* _Data shown_
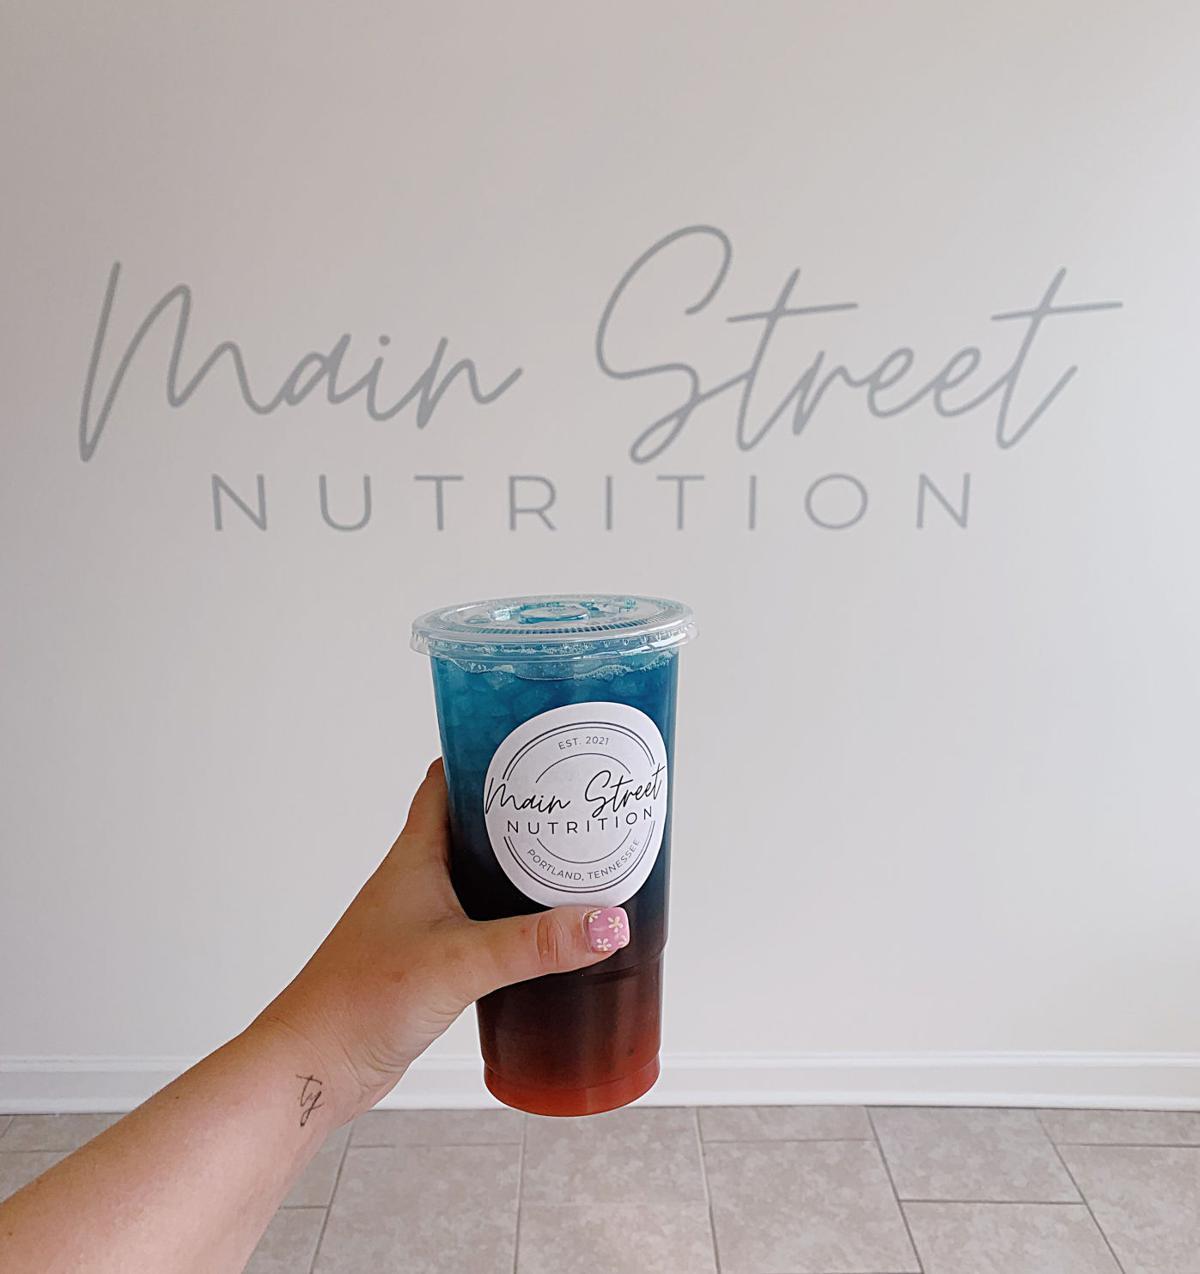 MAIN STREET NUTRITION OPENS PHOTO 1
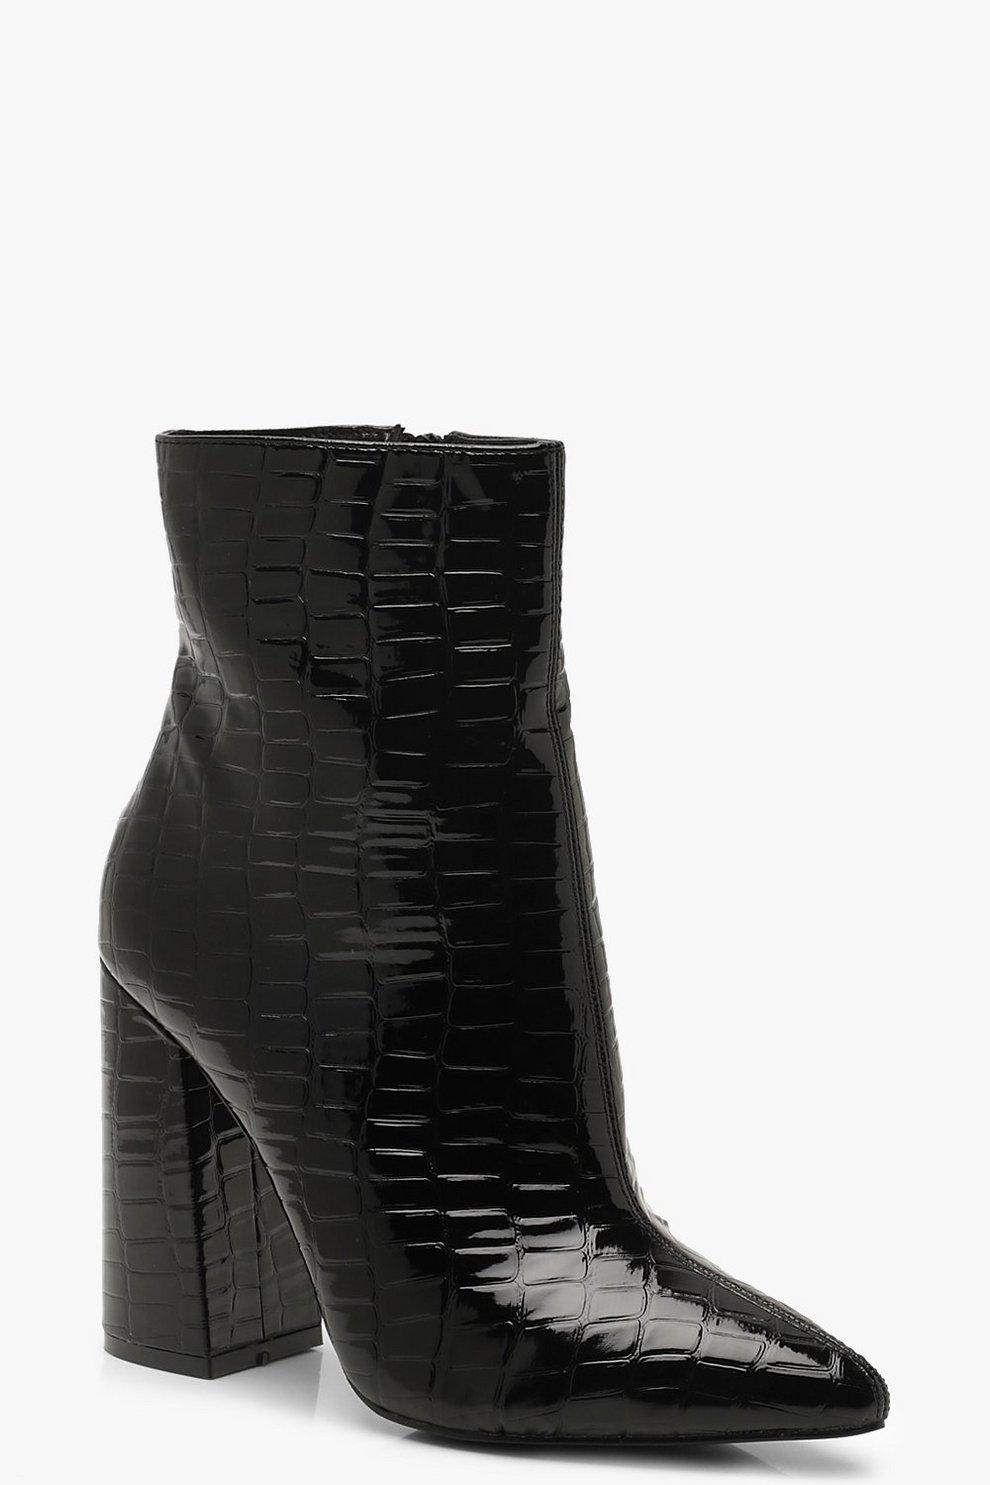 4dcb81787e3f Croc Block Heel Sock Boots
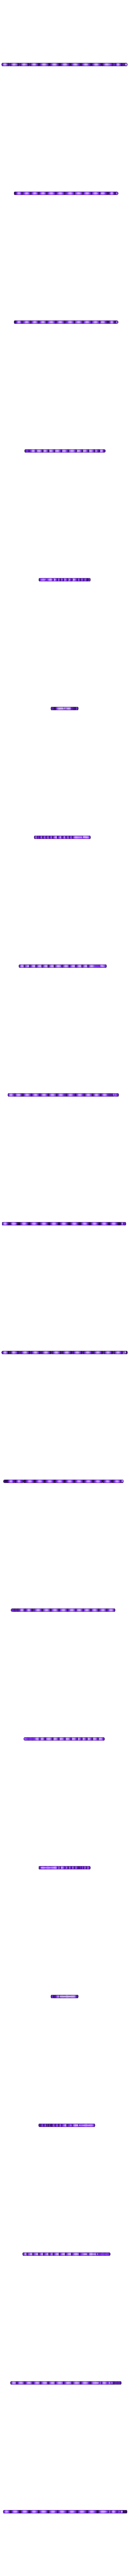 Female-braid-hair-03-low.stl Download STL file hair braid hair styling roller hair accessories for girl headdress female weaving tool fbh-03 3d print cnc • 3D printing object, Dzusto
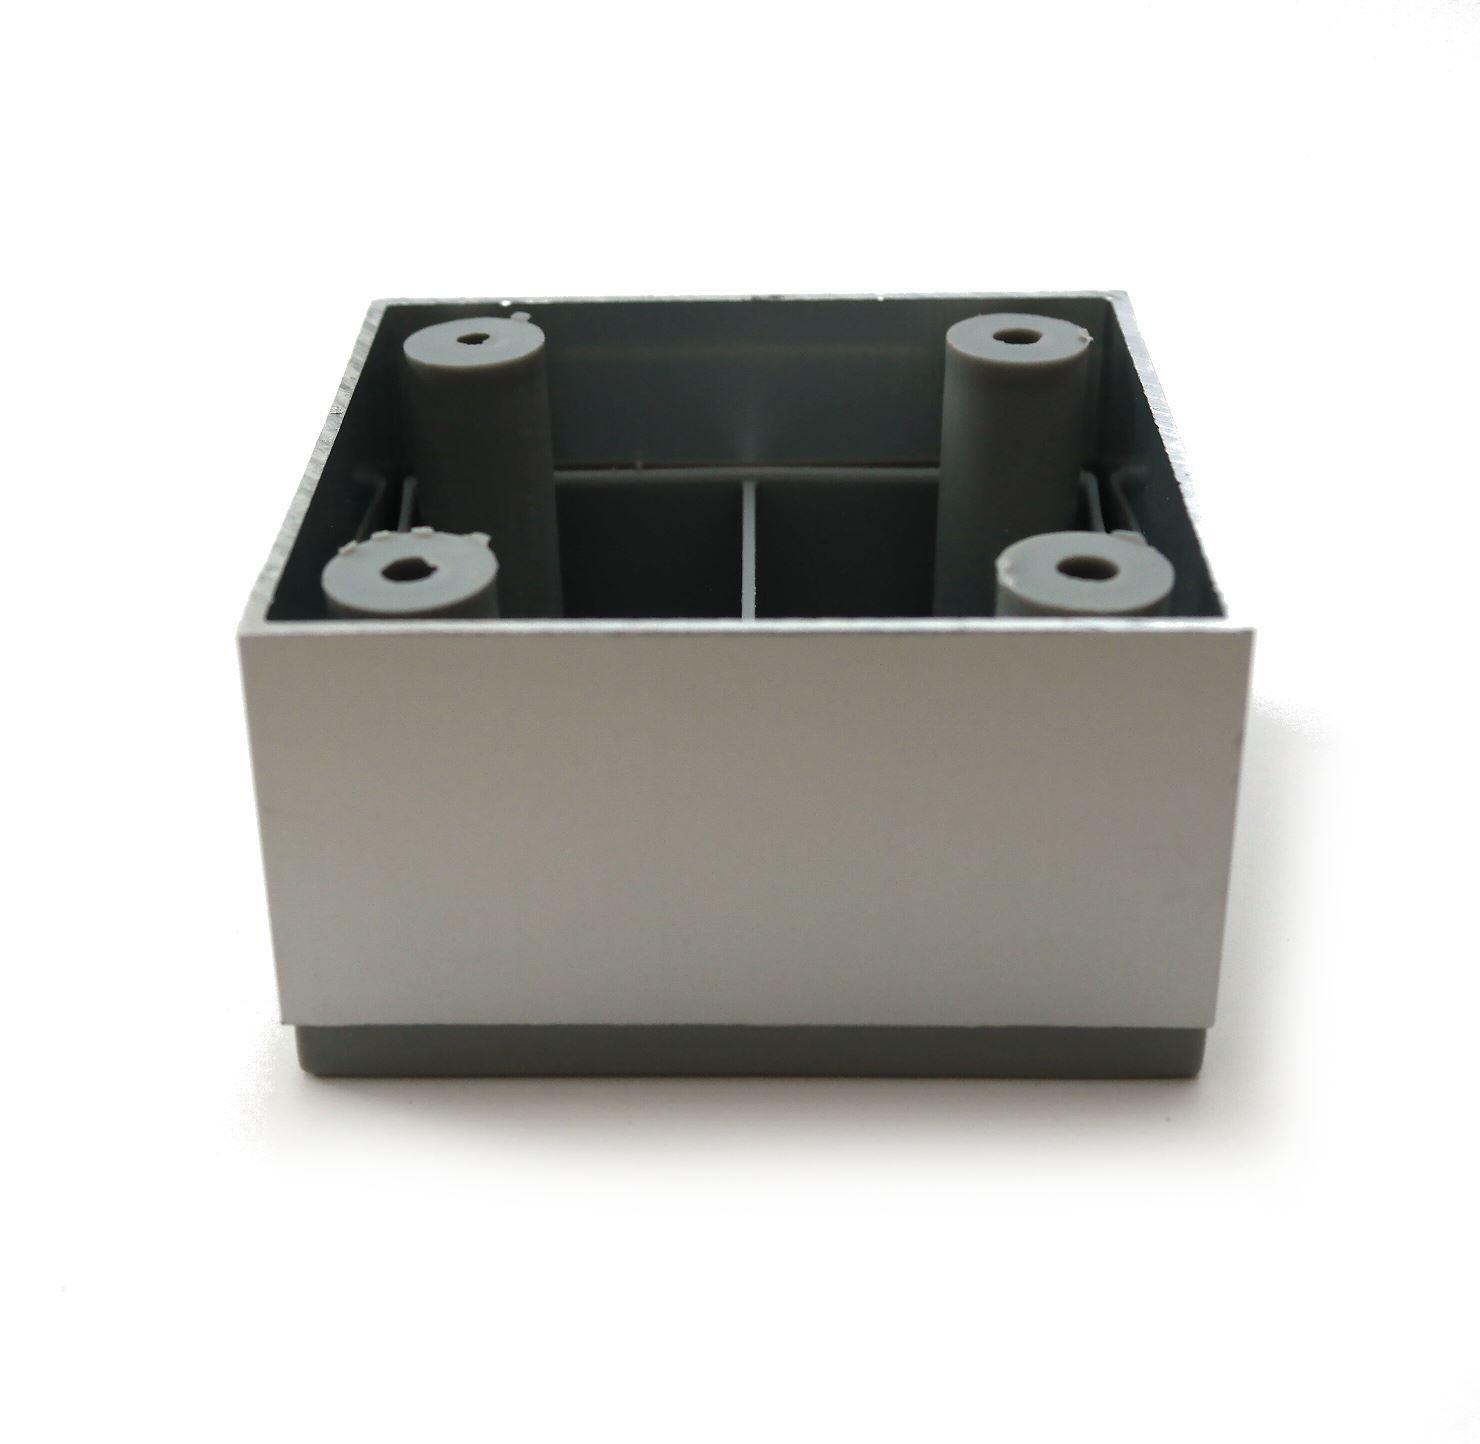 Aluminium f e beine schr nke schlafsofa k che m bel chrom 25mm 35mm ebay - Amazon mobel schranke ...

* _Task requirements_
With the images removed, reproduce all the material above word for word.

* _Exercise solution_
 MAIN STREET NUTRITION OPENS PHOTO 1
 4dcb81787e3f Croc Block Heel Sock Boots
 Female-braid-hair-03-low.stl Download STL file hair braid hair styling roller hair accessories for girl headdress female weaving tool fbh-03 3d print cnc • 3D printing object, Dzusto
 Aluminium f e beine schr nke schlafsofa k che m bel chrom 25mm 35mm ebay - Amazon mobel schranke ...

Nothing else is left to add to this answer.